Background information
- Also known as: Daniell (2019-2023)
- Born: 20 January 2003 (age 23) Prague, Czech Republic
- Genres: Indie pop, pop
- Occupations: Singer; songwriter; actor;
- Instrument: Vocals
- Years active: 2019–present

= Daniel Žižka =

Czech musical artist (born 2003)

Daniel Žižka (born 20 January 2003) is a Czech singer-songwriter and actor. He represented the Czech Republic in the Eurovision Song Contest 2026 with the song "Crossroads".

== Early life ==
Žižka was born on 20 January 2003 in Prague. Since the age of 10, he has been writing songs and he has commented that "I decided I wanted to pursue music professionally when I was about fifteen, after I wrote my first song — once I was satisfied enough with it to have it professionally recorded... I've been writing songs since I was 10, though. I've always known I wanted to be an artist, and around sixth grade, I decided I wanted to study at the Jaroslav Ježek Conservatory. But I was also drawn to theater, and I wondered how I would manage it. In the end, I decided to combine the two and study musical theatre."
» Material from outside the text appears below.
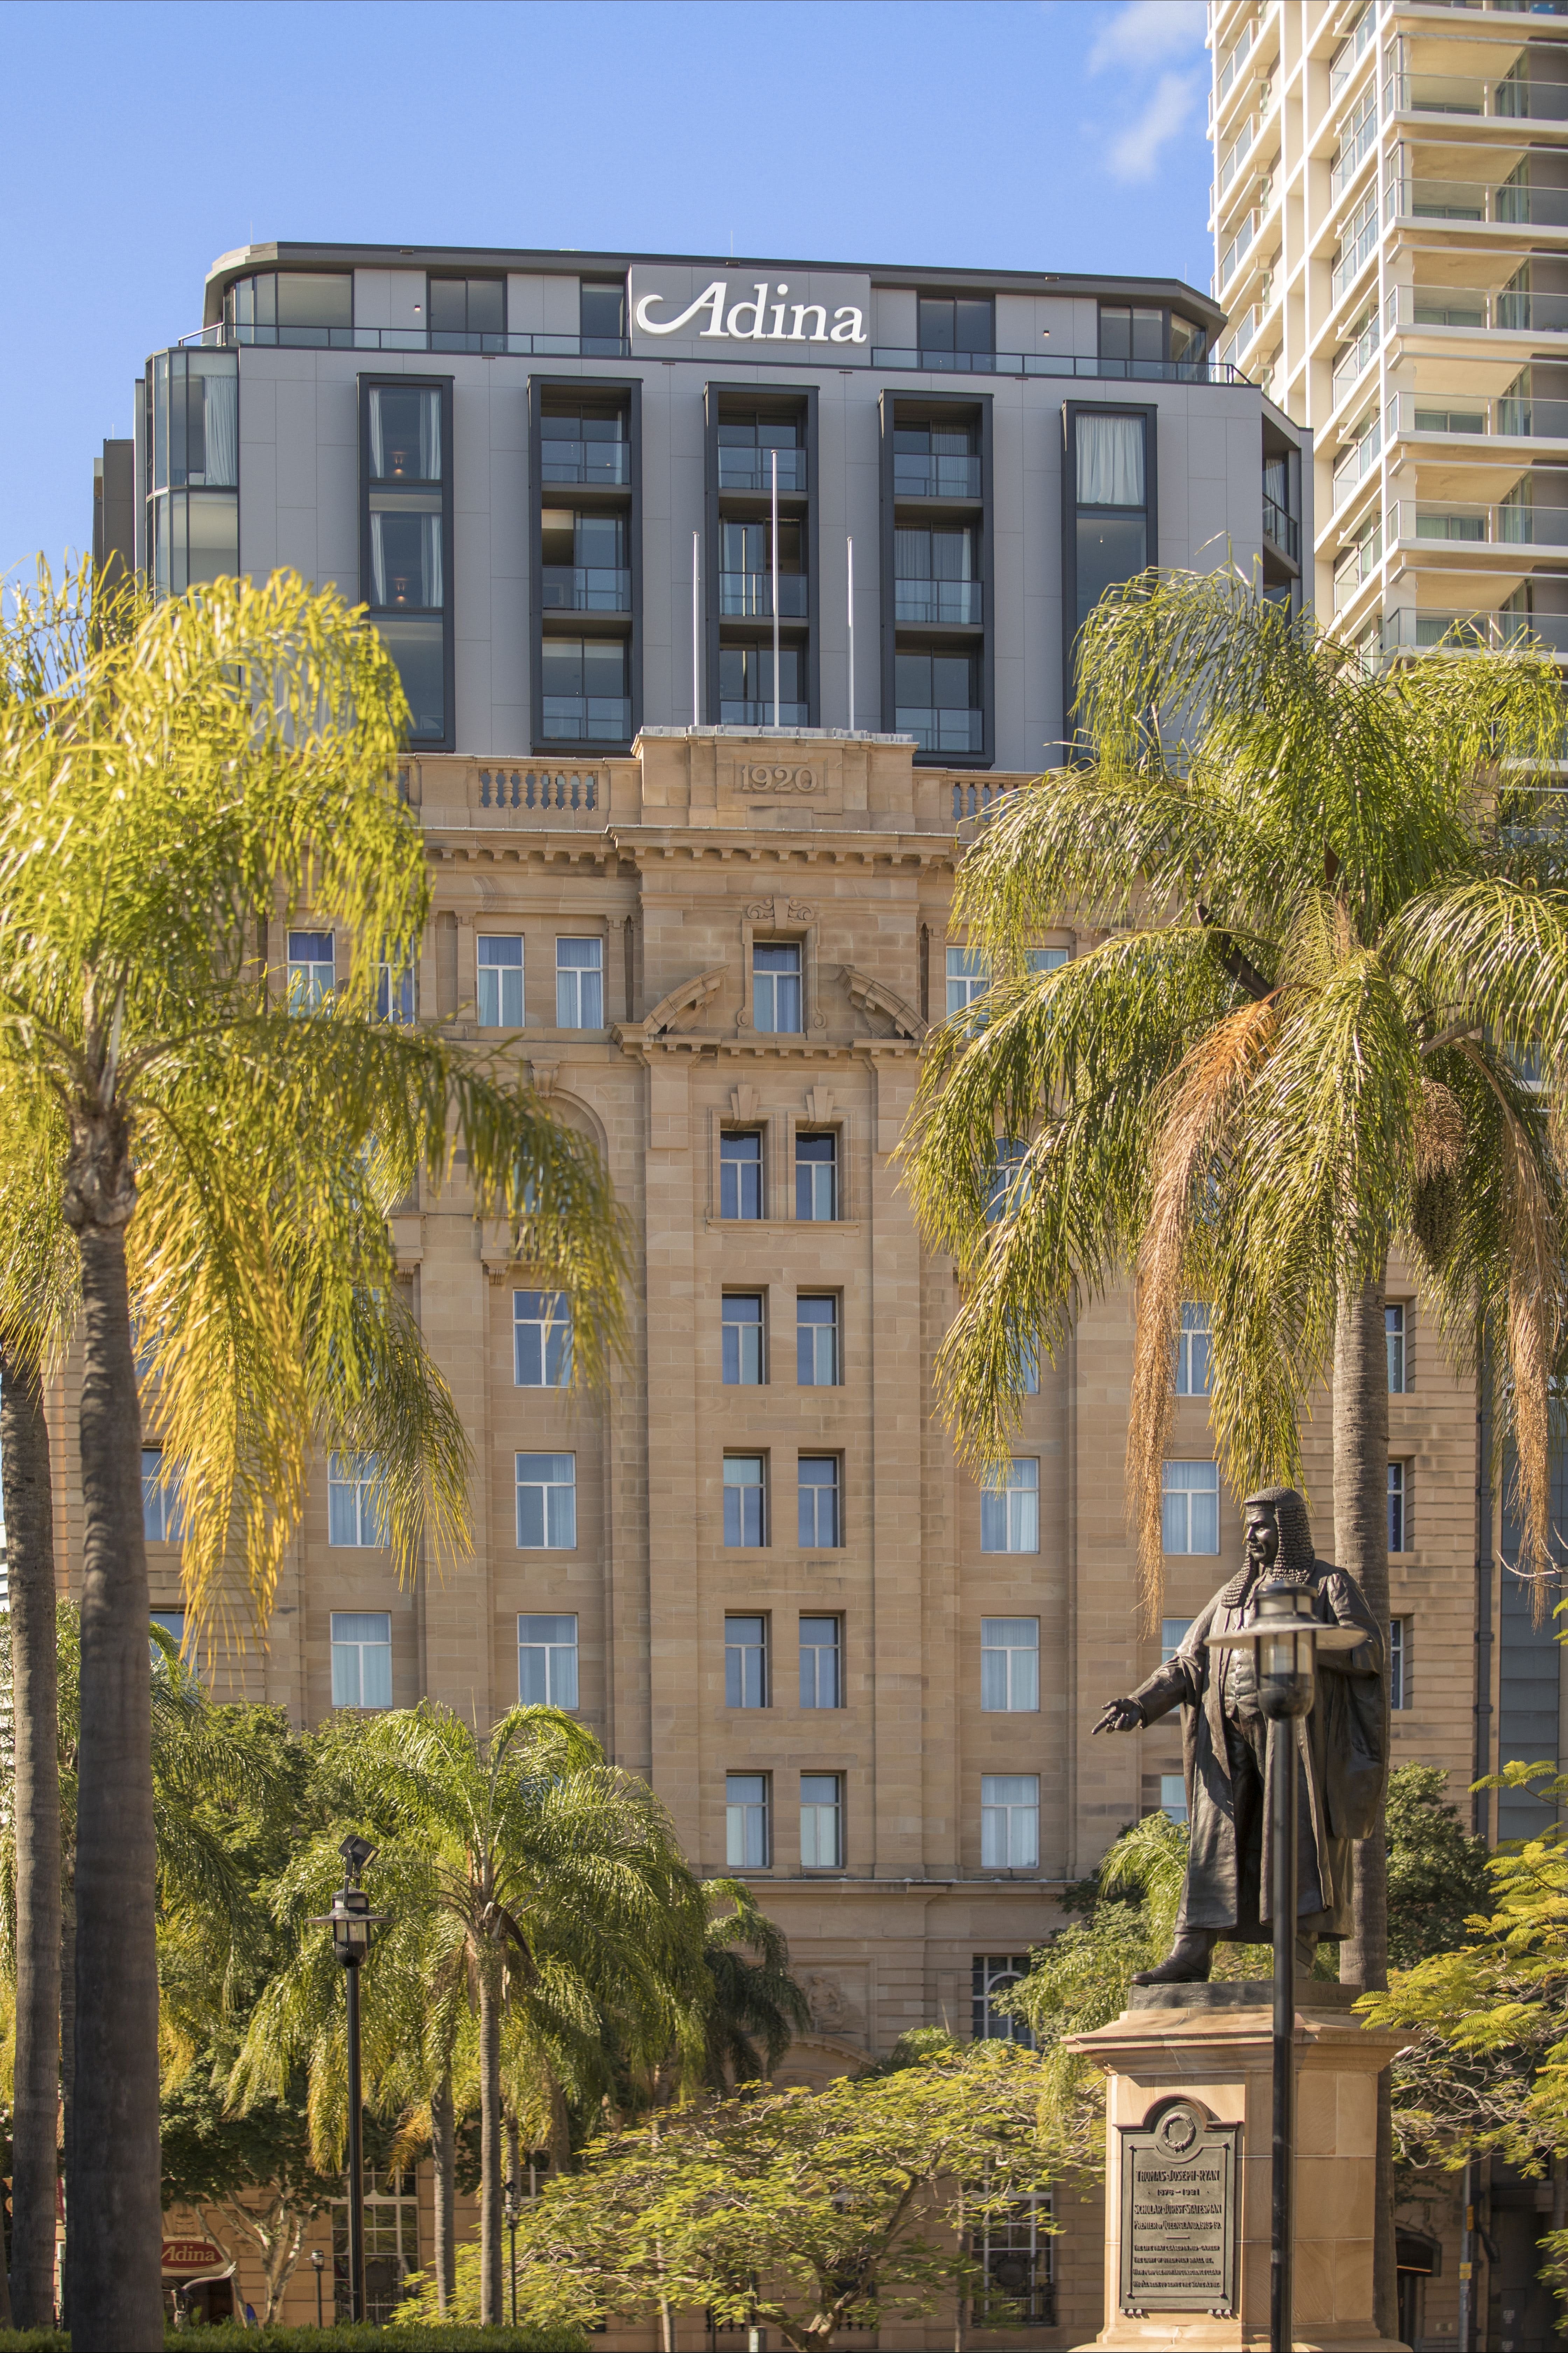 Adina Apartment Hotel Brisbane - Accommodation Bookings 0

Since the age of 15 he has been undergoing vocal training and he participates in daily lessons to maintain his voice and in January 2026 he was studying popular singing and composition at the J. Ježek Conservatory in Prague.

== Career ==
Žižka's indie pop and pop/soul debut EP is due to be released towards the end of August 2026 with singles to be released in the lead up to the EP being released. The EP was also performed live for the first time in Prague, in January 2026.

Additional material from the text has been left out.